To do — The task calls for an exact retyping of the lines from the one holding "2019年四川省专业技术人员公需科目试题答案" through the end of the listing, with pictures omitted and nothing added.

[Opening Data segment section]

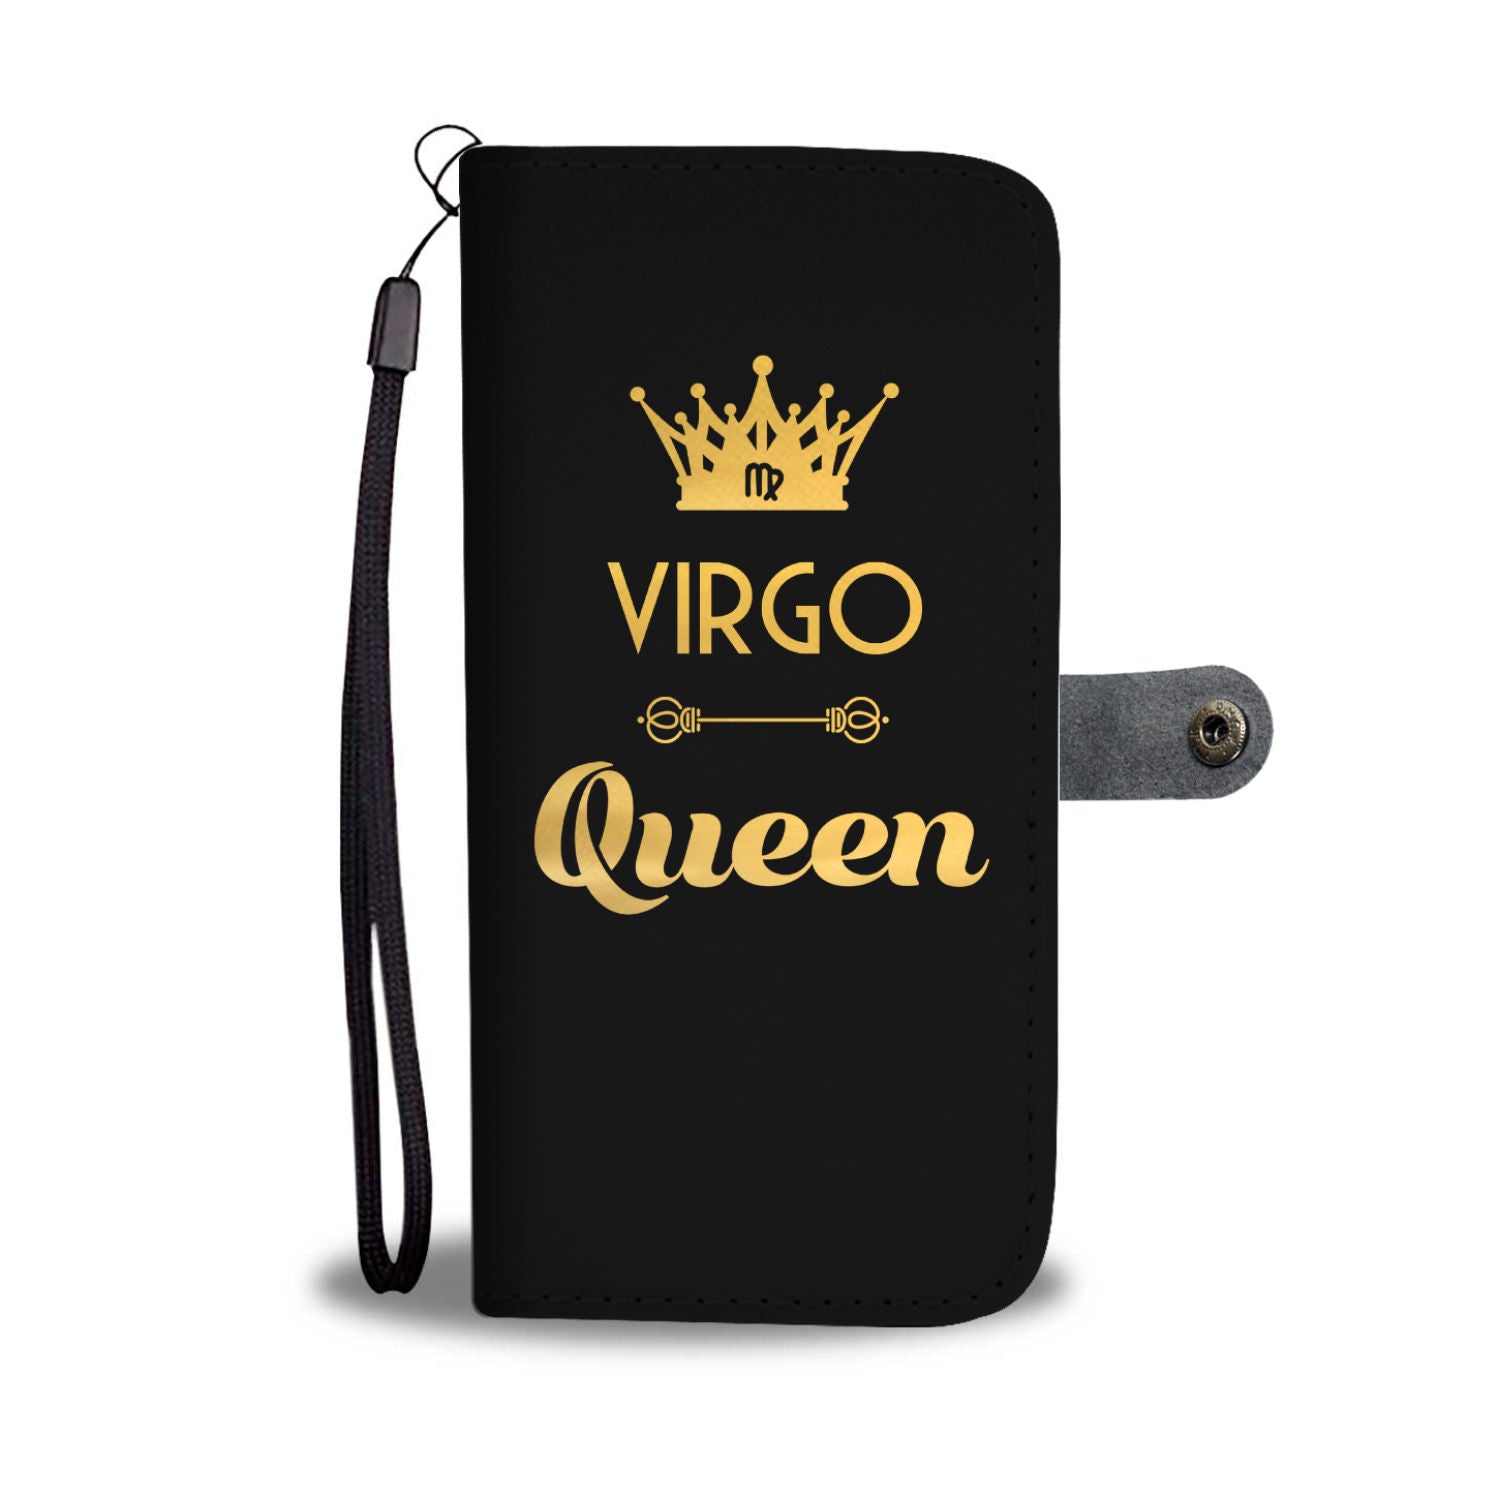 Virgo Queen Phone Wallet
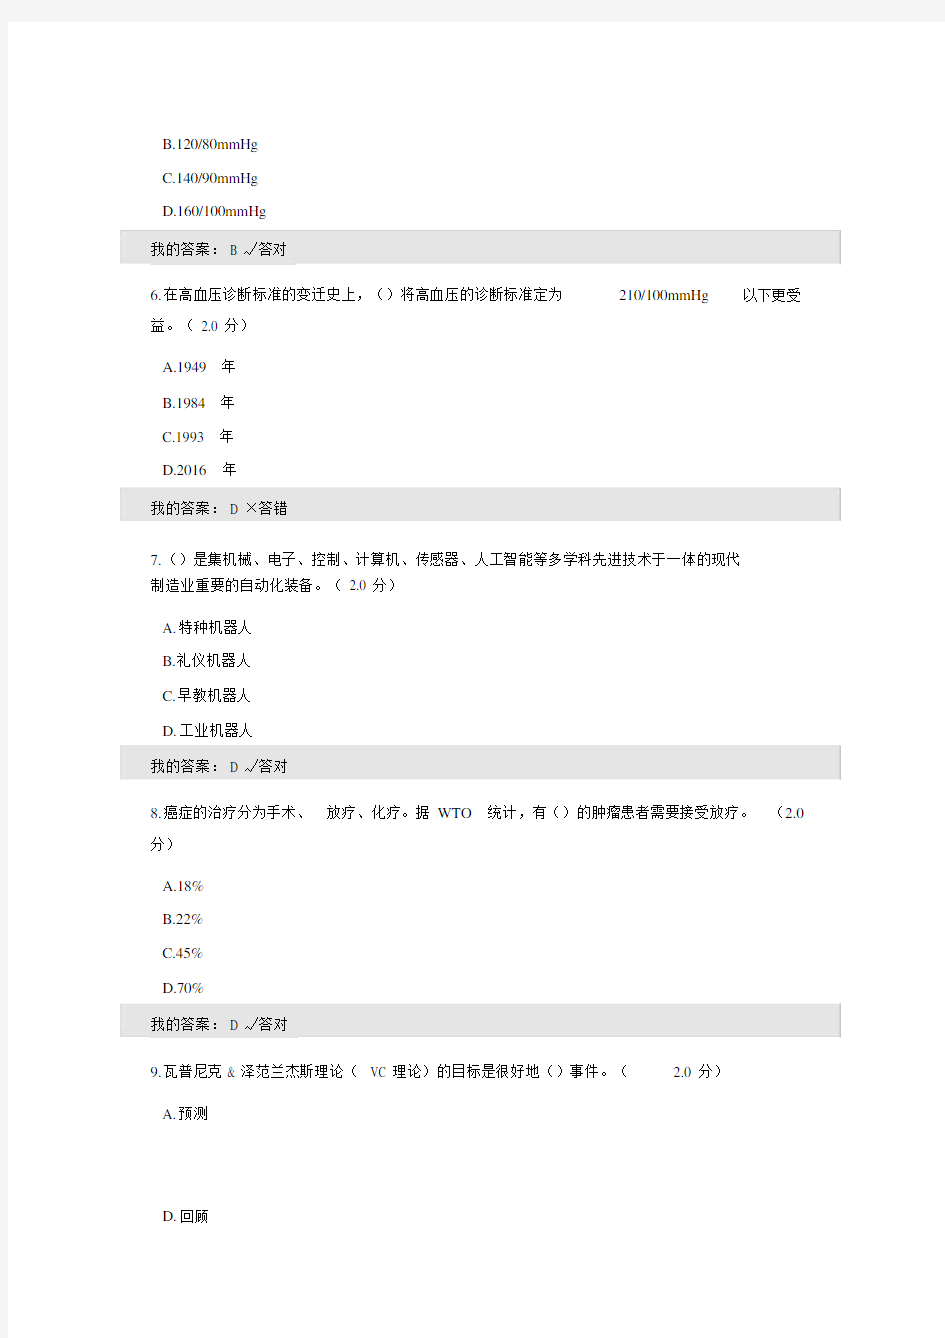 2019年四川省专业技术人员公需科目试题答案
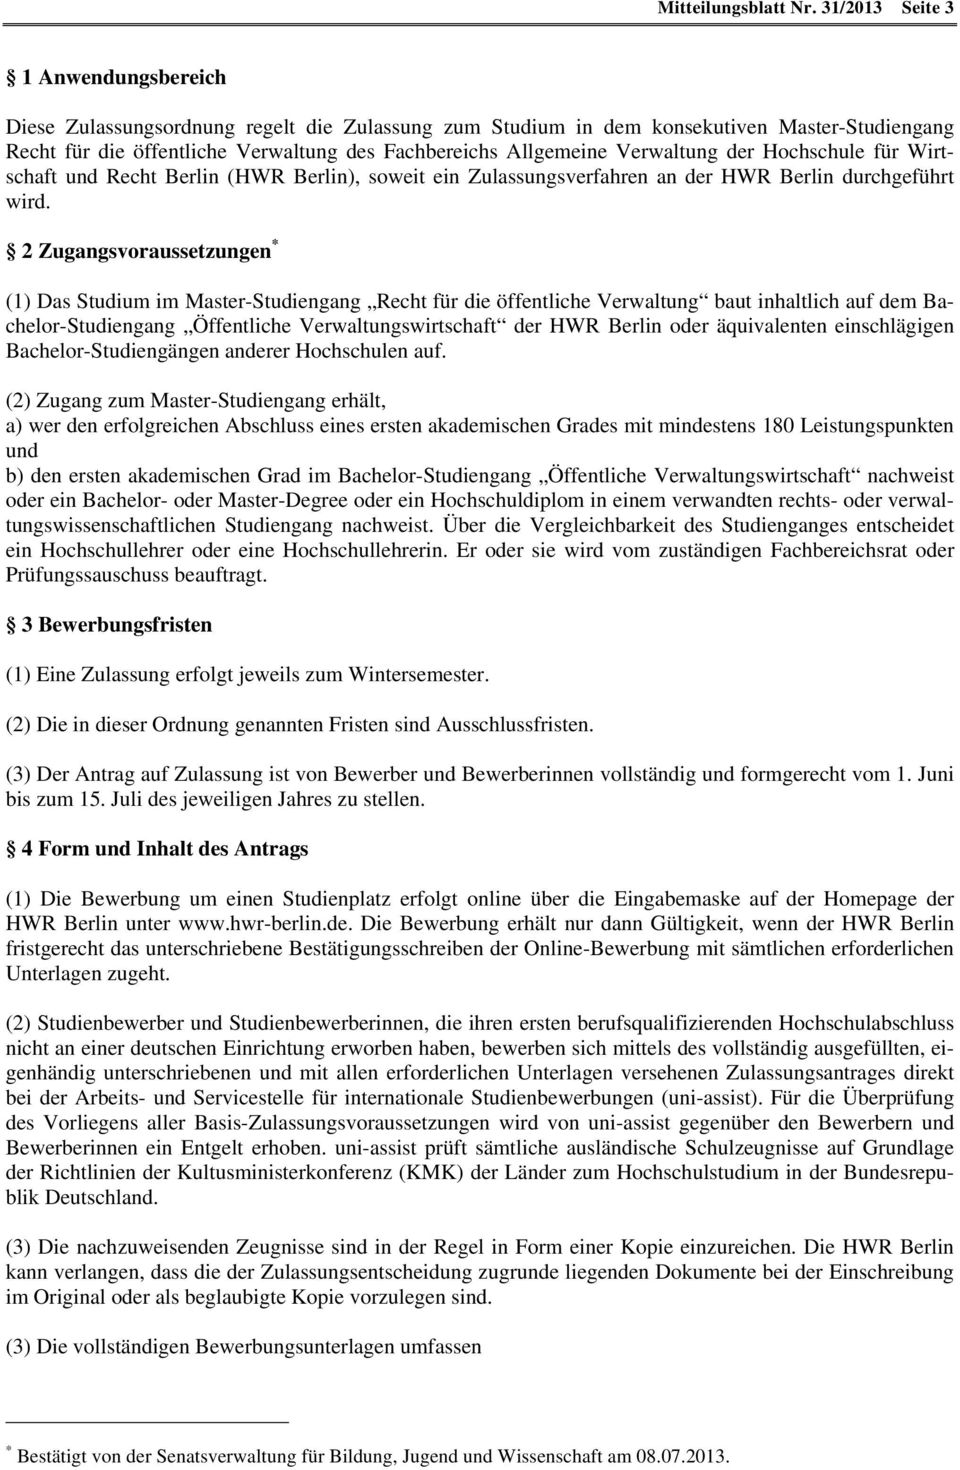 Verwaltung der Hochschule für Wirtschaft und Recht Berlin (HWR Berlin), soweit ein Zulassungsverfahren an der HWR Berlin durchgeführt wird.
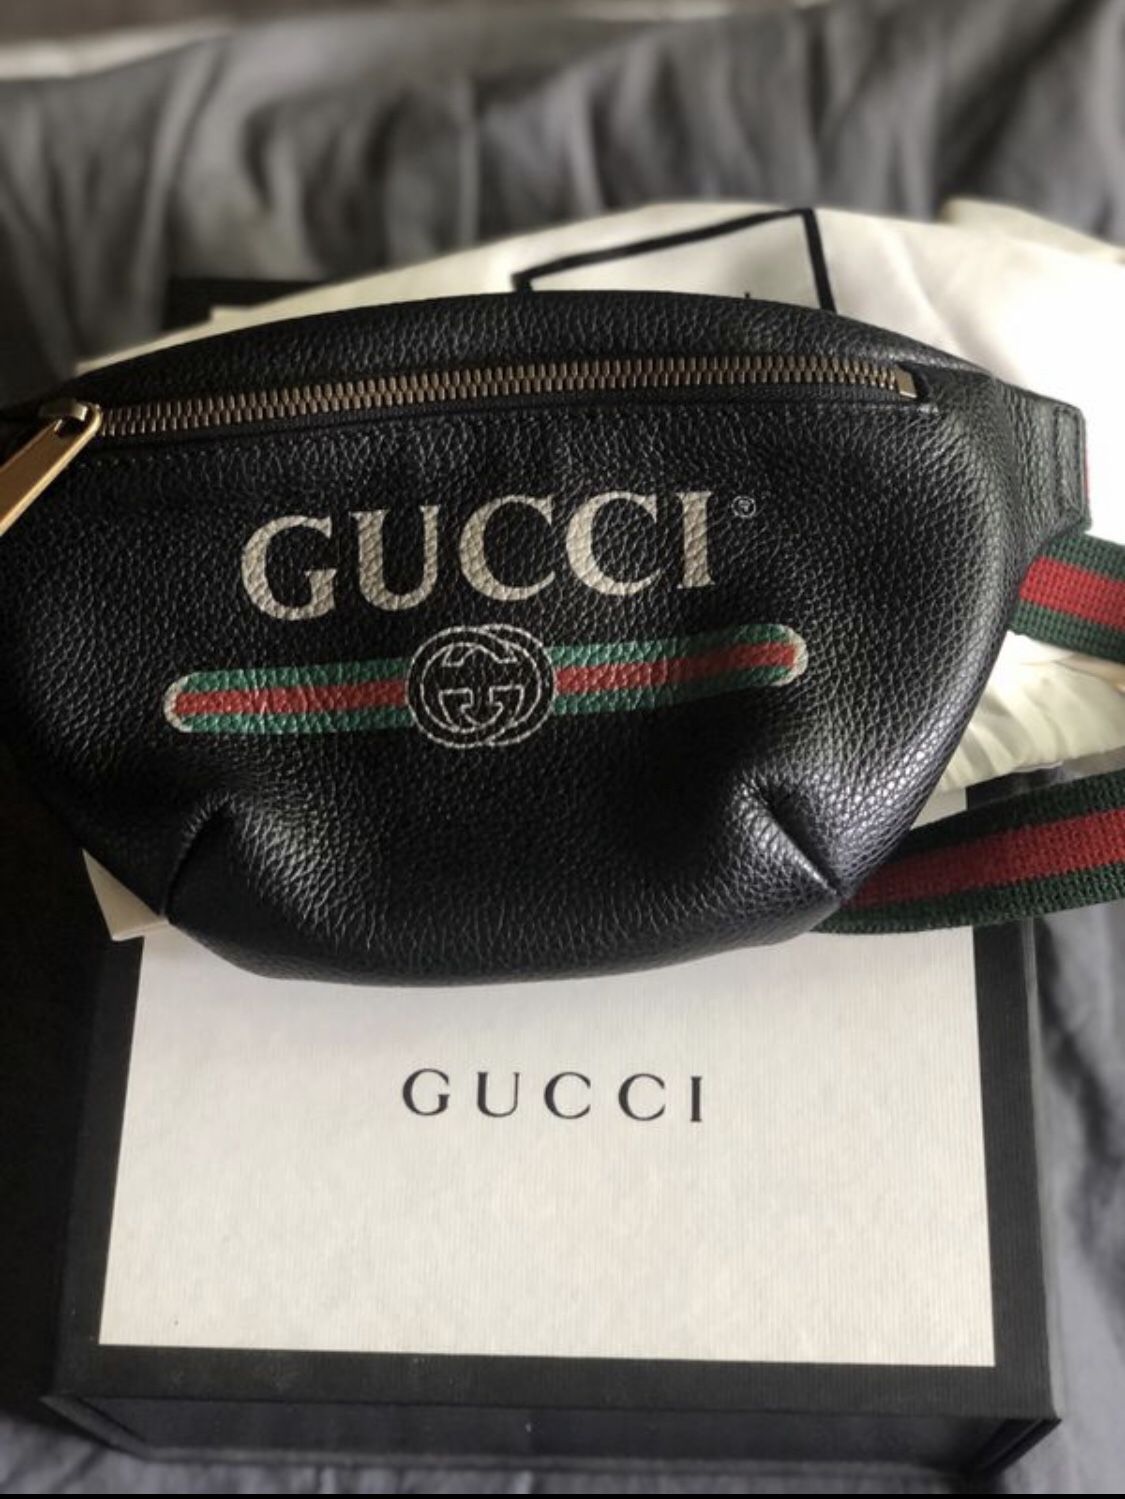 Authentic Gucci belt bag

[Closing Data segment section]

Reply to the task —
 2019年四川省专业技术人员公需科目试题答案
 Verwaltung der Hochschule für Wirtschaft und Recht Berlin (HWR Berlin), soweit ein Zulassungsverfahren an der HWR Berlin durchgeführt wird.
 Authentic Gucci belt bag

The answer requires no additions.